Ao final, pugnou pela condenação do requerido ao pagamento das custas processuais e honorários advocatícios e a concessão da Justiça Gratuita.
1.2) Da contestação.
Devidamente citado, o requerido apresentou resposta, na forma de contestação (evento 7) alegando, preliminarmente, a inépcia da inicial e a ilegitimidade para debater o IOF. No mérito, defendeu a licitude do contrato, a legalidade dos juros e das demais taxas pactuados. Pugnou pela improcedência dos pedidos iniciais, com a condenação do autor nas verbas sucumbenciais e impugnou o pedido de justiça gratuita.
1.3) Do encadernamento processual.
Deferidos os pedidos de Justiça Gratuita e de tutela de urgência antecipada (evento 4).
Impugnação à contestação (evento 21).
1.4) Da sentença.
Prestando a tutela jurisdicional, o Dr. Maurício Cavallazzi Povoas prolatou sentença resolutiva de mérito para julgar parcialmente procedente a pretensão inicial deduzida, nos seguintes termos:
III - Posto isso, julgo procedente em parte o pedido formulado por FELIPE LUCIO MENDES contra AYMORE CREDITO, FINANCIAMENTO E INVESTIMENTO S.A. para revisar o contrato encartado no evento 1, contrato 6, e evento 7, contrato 3 da seguinte forma:
1. No período da normalidade:
a) reduzir os juros pactuados para 23,925% ao ano e 1,815% ao mês, o que corresponde à média das taxas tabeladas pelo Bacen para a época da contratação + 10%;
b) afastar a incidência da capitalização diária na cédula de crédito bancário em discussão, declarando como legal a cobrança da taxa de juros capitalizados em periodicidade mensal, uma vez que subsidiariamente pactuada;
c) afastar a utilização da Tabela Price, adotando-se a regra de imputação estabelecida pelo art. 354 do Código Civil, porque admitida a cobrança de juros capitalizados mensalmente;
2. No período da mora: afastar a tese relativa à comissão de permanência, uma vez que não foi prevista contratualmente e porque não restou comprovada a cobrança deste encargo pela instituição financeira;
3. Demais pedidos:
a) admitir a cobrança das tarifas de cadastro e de registro do contrato;
b) afastar a cobrança da tarifa de avaliação do bem;
c) acolher o pedido de repetição do indébito, determinando seja restituído, deduzido ou compensado do valor do débito, de forma simples, as quantias eventualmente pagas a maior por conta da cobrança dos encargos ora expurgados, acaso apurada a existência de crédito em favor da parte autora, nos termos dos arts. 368, 876 e 940 do Código Civil de 2002, além do art. 42, parágrafo único, da Lei n. 8.078/90;
4. Em virtude da sucumbência recíproca, as despesas processuais deverão ser suportadas na proporção de 70% pela parte ré e 30% pela parte autora, arbitrando-se os honorários em 30% do proveito econômico obtido com a presente demanda, cabendo 70% desse valor ao procurador da parte autora e 30% ao procurador da parte ré. Anoto que os honorários foram arbitrados nos termos do art. 85, § 2º, do CPC, levando-se em conta a sucumbência recíproca e a simplicidade da causa, que foi julgada antecipadamente com base em fundamentos pacificados na jurisprudência. Ainda, não há que se falar em descumprimento do limite máximo previsto em tal dispositivo, pois os honorários estão sendo repartidos.

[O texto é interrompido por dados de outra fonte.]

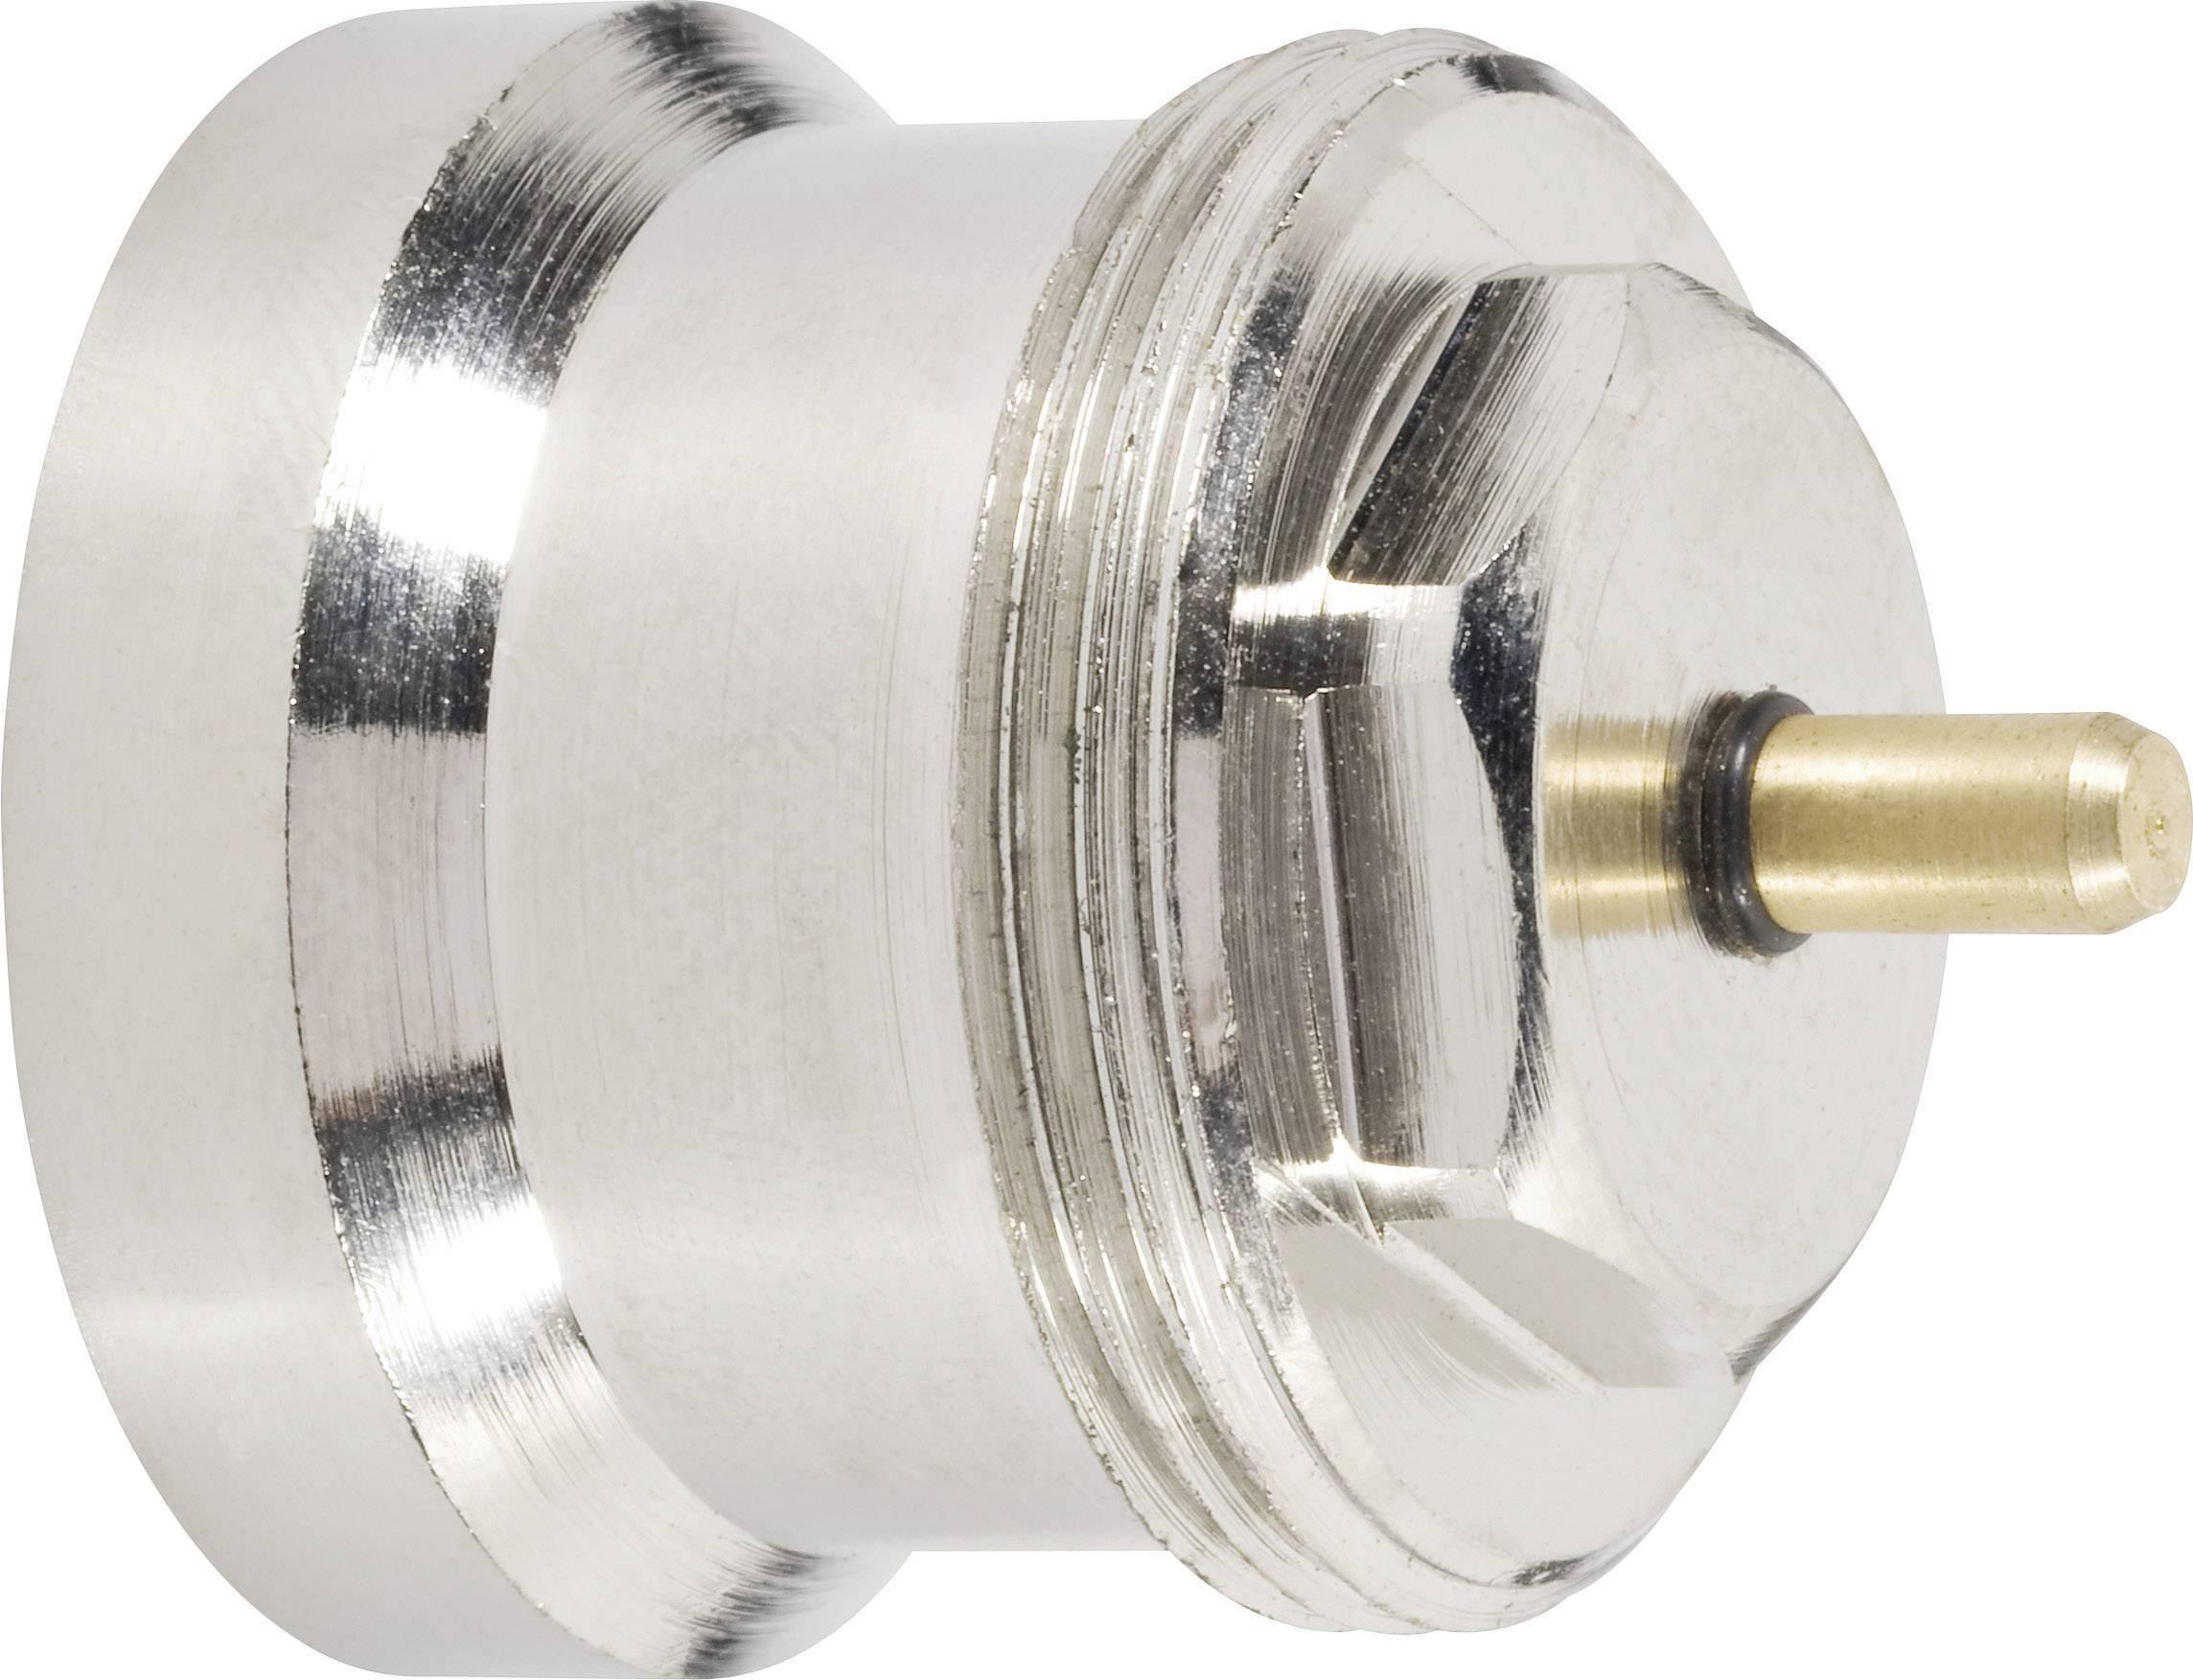 Mosadzný adaptér na ventil radiátora 700 100 002 vhodný pre Oventrop, M30 x 1.0

5. Tendo em vista o item III-1 do despacho constante do evento 4, onde foi deferido o benefício da justiça gratuita à parte autora, suspendo a exigibilidade das verbas de sucumbência por cinco anos contados do trânsito em julgado, caso a parte credora demonstre que deixou de existir a situação de hipossuficiência, extinguindo-se, passado esse prazo, tais obrigações (art. 98, § 3º, do CPC).
1.5) Do recurso.
Inconformado com a prestação jurisdicional, a parte apelante interpôs o presente recurso de Apelação Cível (evento 31), defendendo a legalidade dos juros remuenratórios, da capitalização diária e do uso da Tabela Price. Ainda, falou que a mora encontra-se caracterizada e requereu a reforma do julgado.
1.6) Das contrarrazões
Ausente.
Este é o relatório

VOTO


2.1) Do objeto recursal.
Compulsando os anseios recursais, observa-se que o cerne da celeuma em comento está atrelado a legalidade das cláusulas firmadas entre as partes.

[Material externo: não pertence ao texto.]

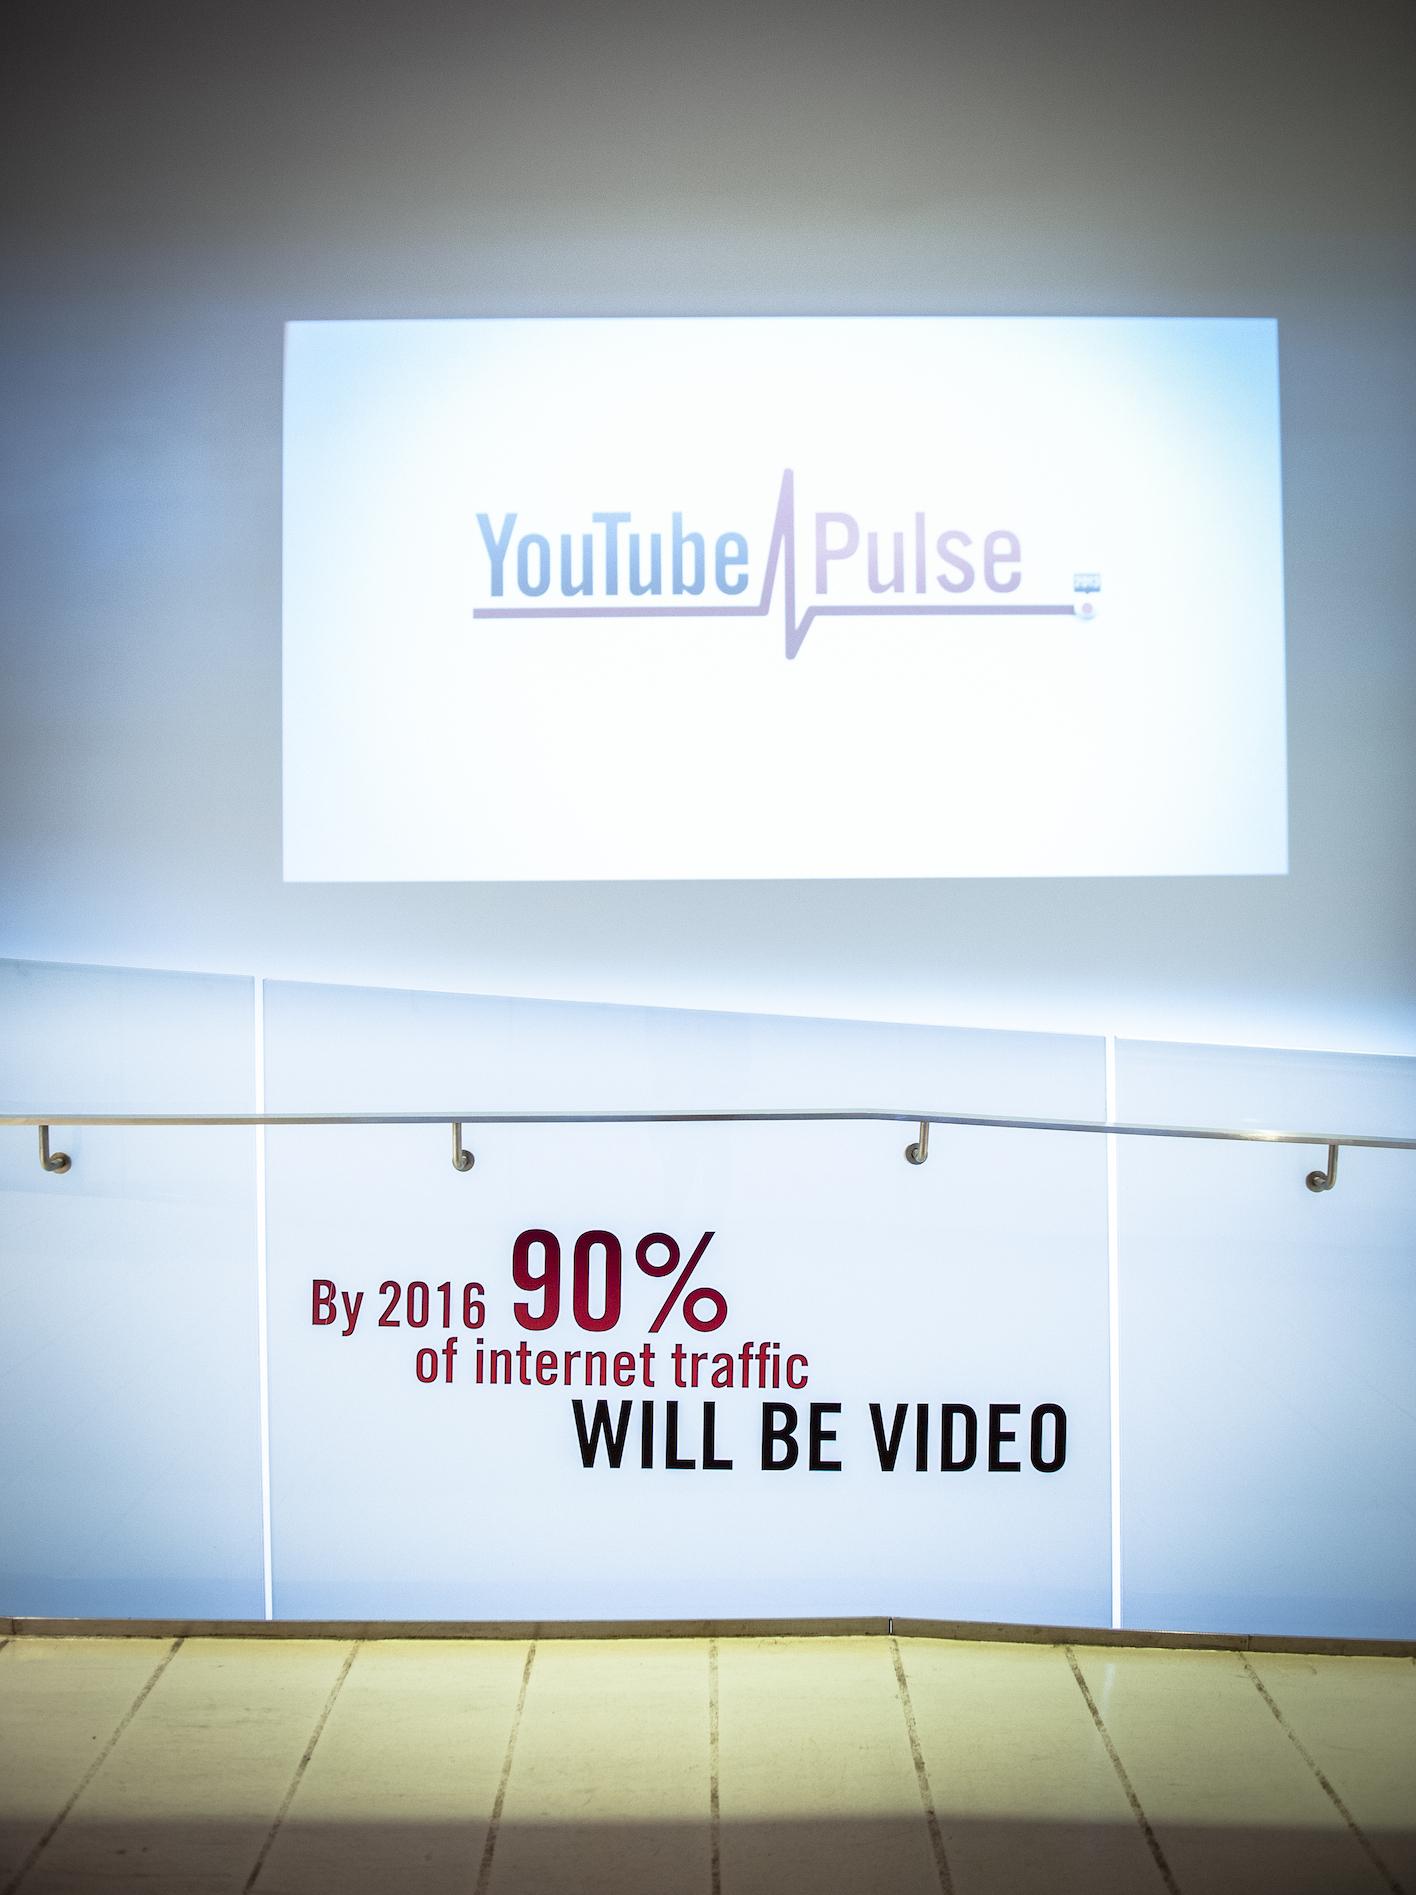 youtube_pulse_gs_ktchn-3-Edited.jpg

2.2) Do juízo de admissibilidade.
Conheço de parte do recurso porque presentes os requisitos intrínsecos e extrínsecos de admissibilidade, eis que ofertado a tempo e modo, recolhido o devido preparo e evidenciado o objeto e a legitimação.
2.2.1) Do princípio da dialeticidade
A incidência da Tabela Price no presente caso foi afastada em razão da parte apelante em nenhum momento ter comprovado sua incidência e/ou pactuação.
Vejamos:
[...] Portanto, diante da ausência de previsão contratual expressa, afasto a aplicação da Tabela Price. (evento 24).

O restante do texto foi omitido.